Mang Odet



“You’ll see me cleaning around – in the restroom, in the hallway, in the classroom. I’ve been working as a janitor here in UB for 16 years now. In those 16 years, I’ve been lucky enough to have been able to send my children to school.”



“Our eldest is Joanne. She is a graduate of the UB School of Teacher Education. Our second is Kevin. He is a graduate of the UB School of Criminal Justice and Public Safety. Janray is the youngest; he is a third year tourism student here in the University.”



“I finished BS Criminology, and I wanted to be a police officer. But I was caught in a car accident and I broke my hips, making me permanently impaired. It limited my options in looking for a job. It limited me from dreaming bigger dreams, too. But that’s okay. I have my children – they’re my biggest success. Sometimes life has a weird way of surprising you, especially when you’re close to crashing down.”

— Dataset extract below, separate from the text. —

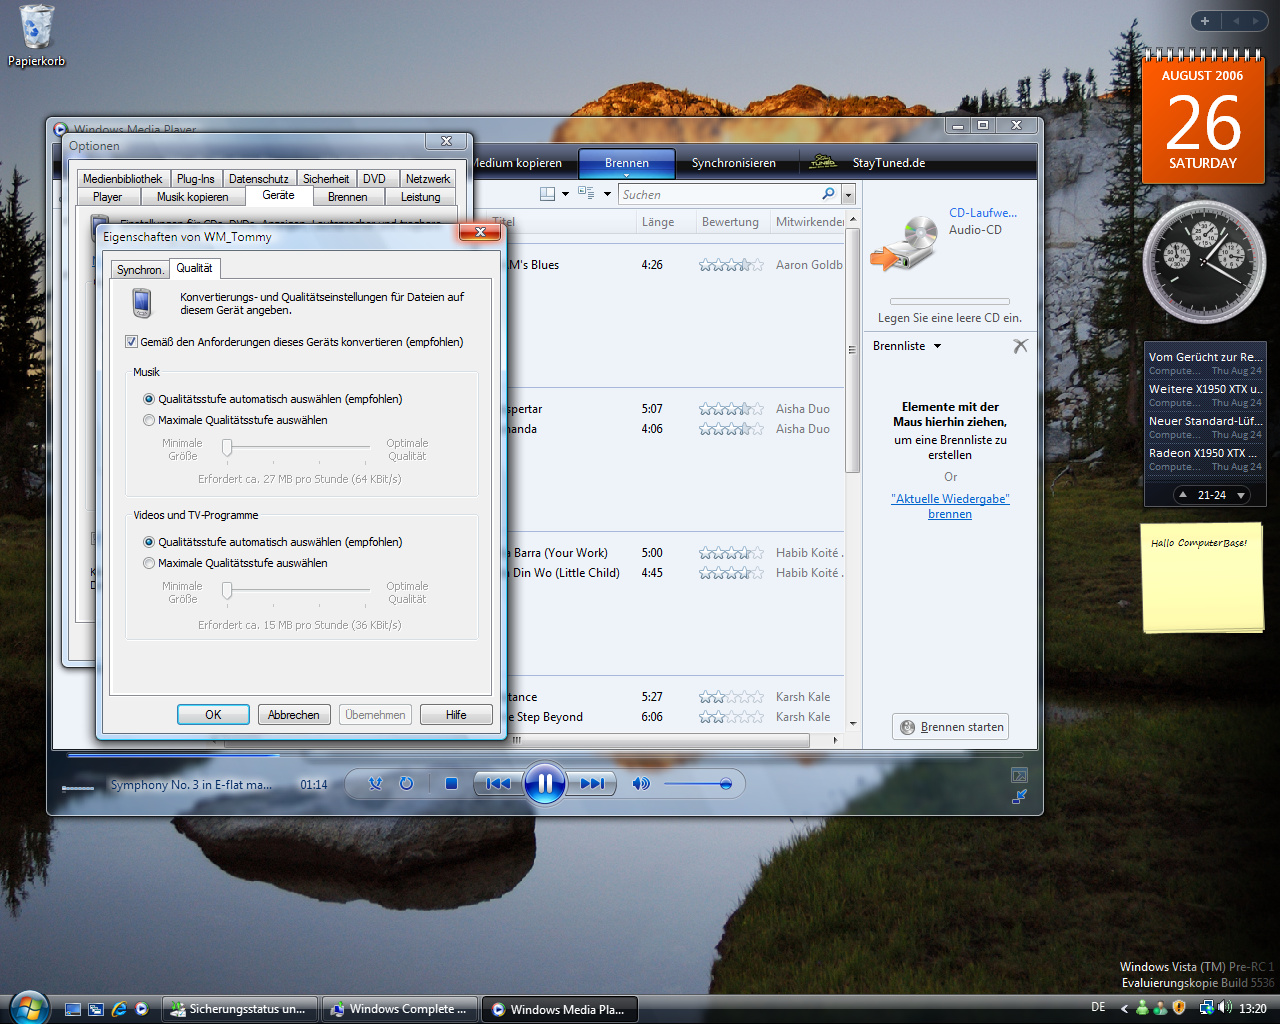 Windows Vista Build 5536 - Media Player 11 - Synchronisitation fuer jedes Geraet getrennt einstellbar
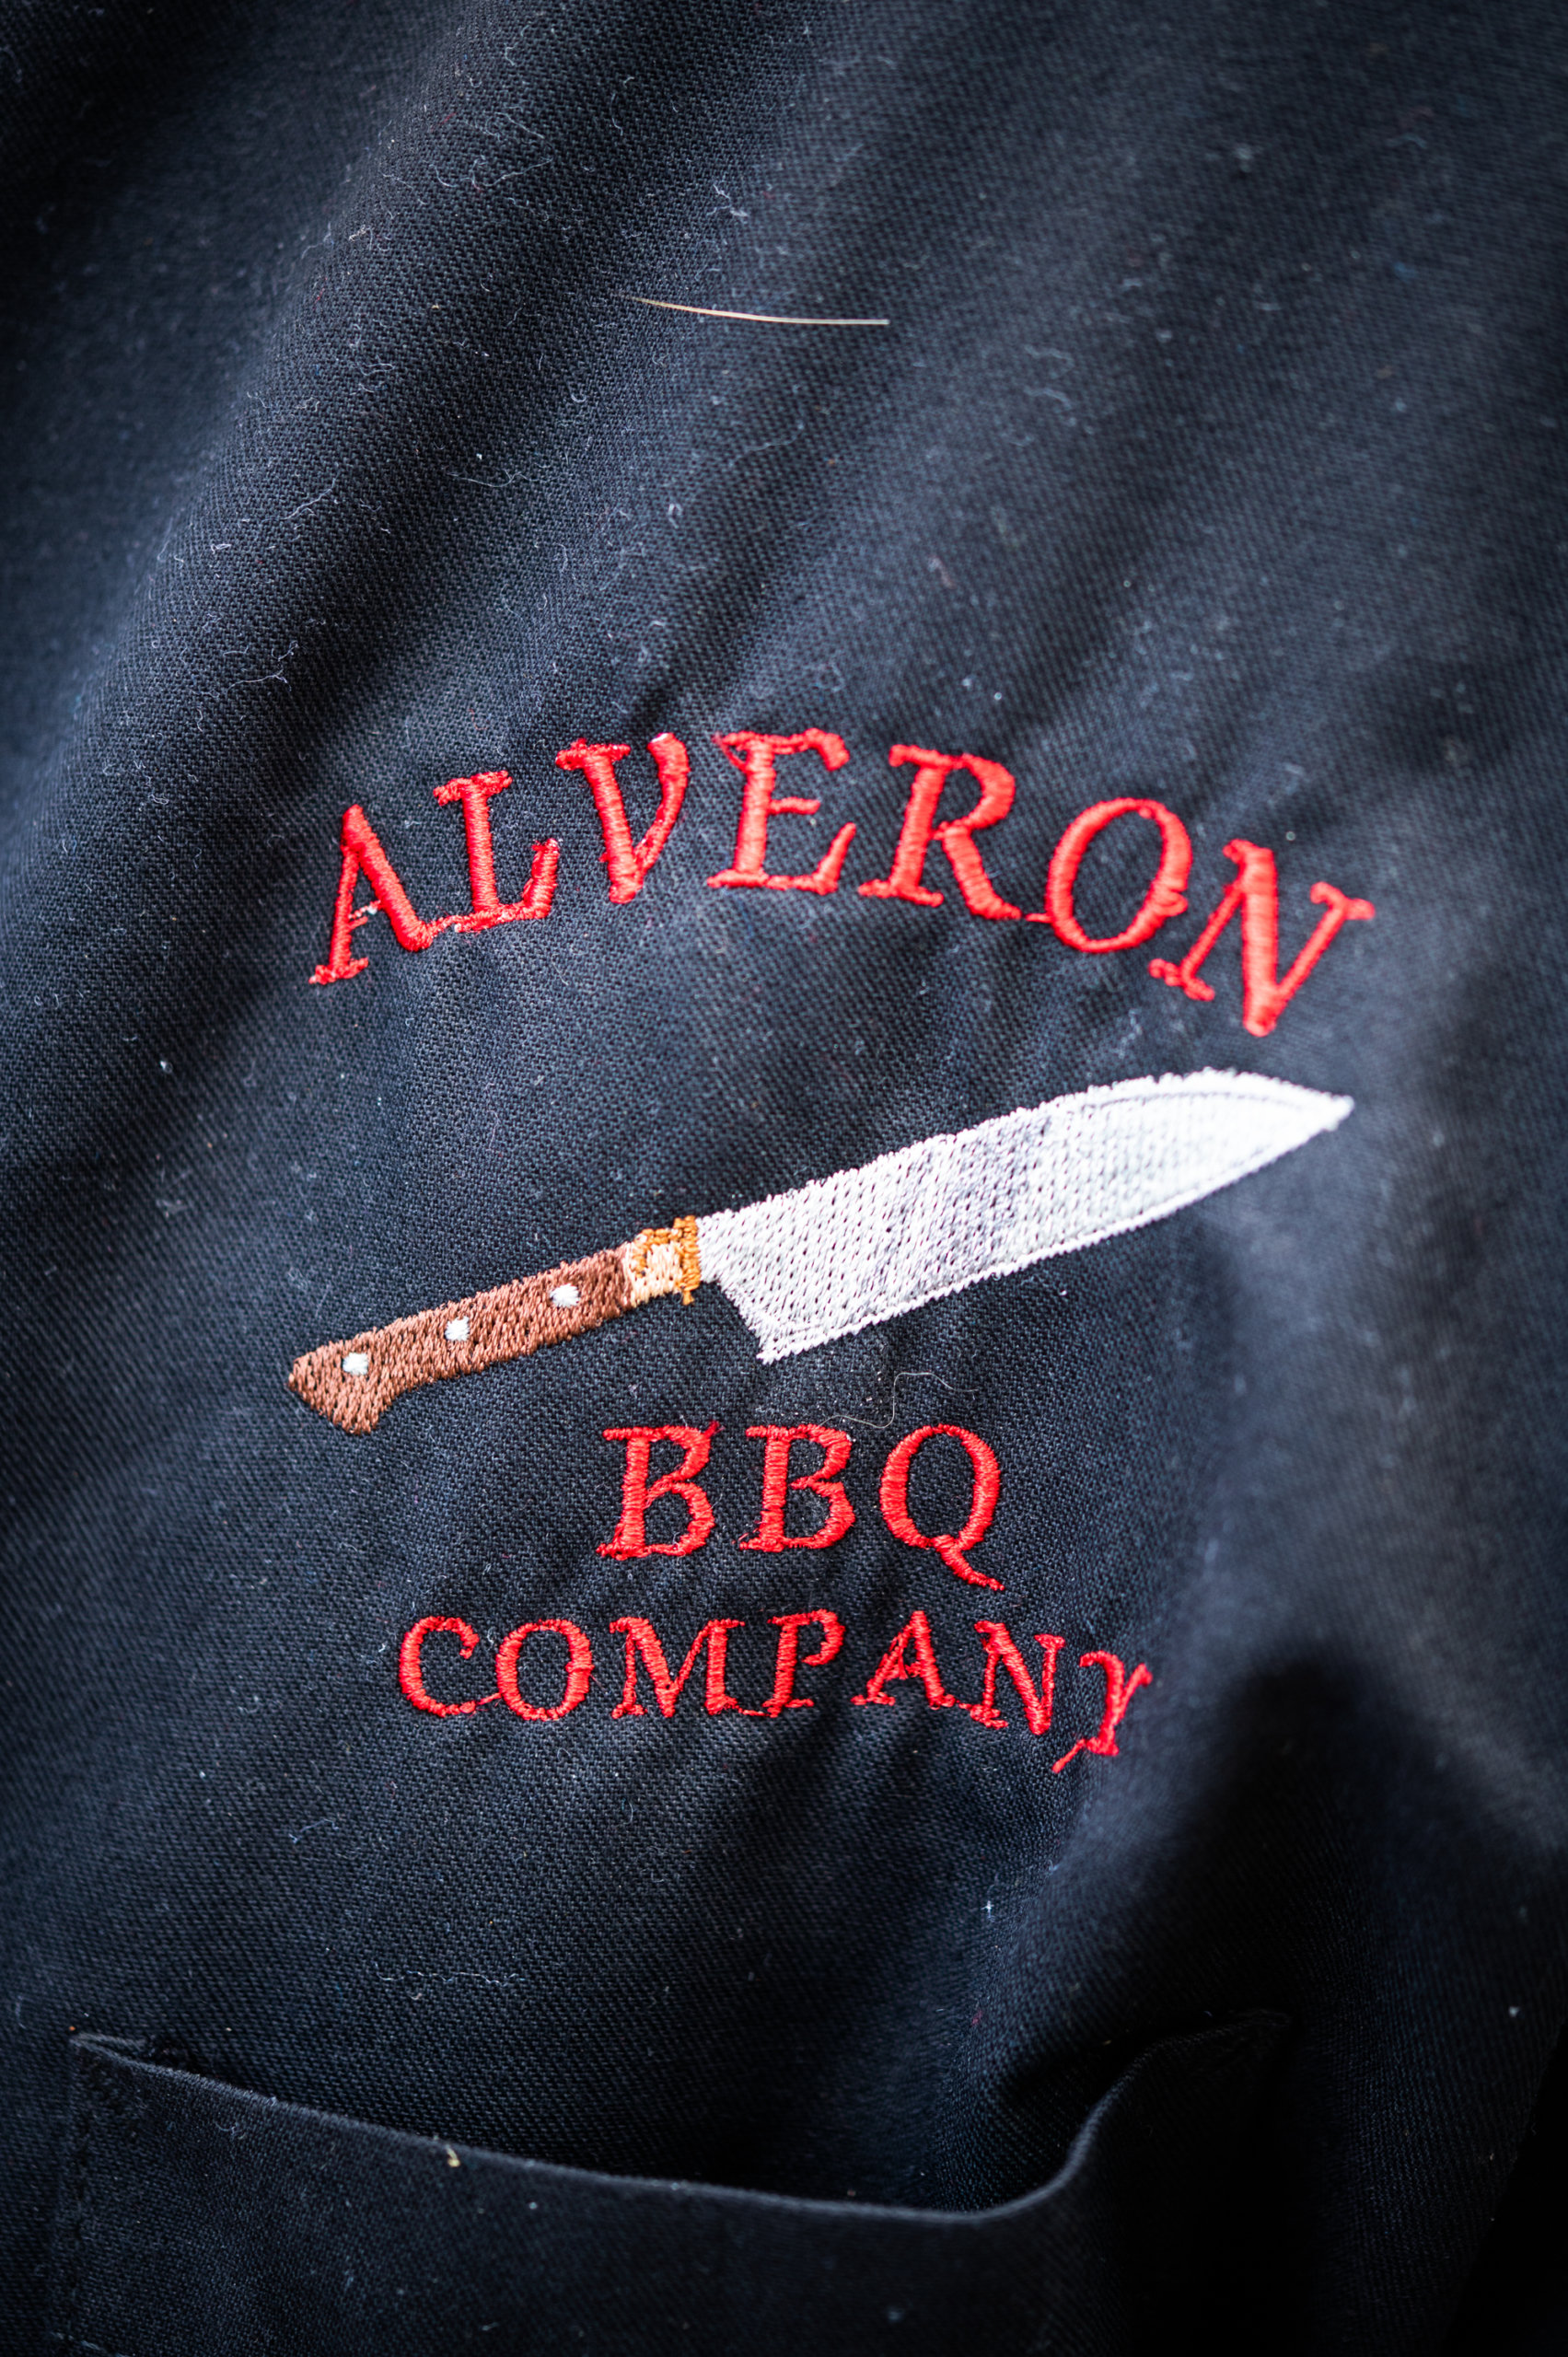 Detail of the Alveron logo on John's chef jacket

“I was a member of the UB Cardinals basketball team during college, and we competed in several competitions. Those were some of the best days of my life.”



What’s the biggest lesson life has taught you/is teaching you?
“Given the condition I’m in, it is quite difficult for me to initiate bigger things in my personal life and to perform excellently in my job. But what’s important is that you’re giving it all in whatever it is that you’re doing, big or small.”



What’s your piece of advice for this generation?
“Do yourself a favor and finish your studies. We are in an era where our culture has started to collapse. Getting an education will keep your sanity and sense of humanity alive.”



Mang Odet was honored, along with 19 others, in a recognition ceremony for "inspiring others that there is hope, whatever the circumstances [may be] at present." The tribute, held in the City, was organized by Istorya ng Pag-asa, a photoblog officially run by the office of Vice President Leni Robredo. VP Robredo handed Mang Odet a copy of his story signed by her during the ceremony.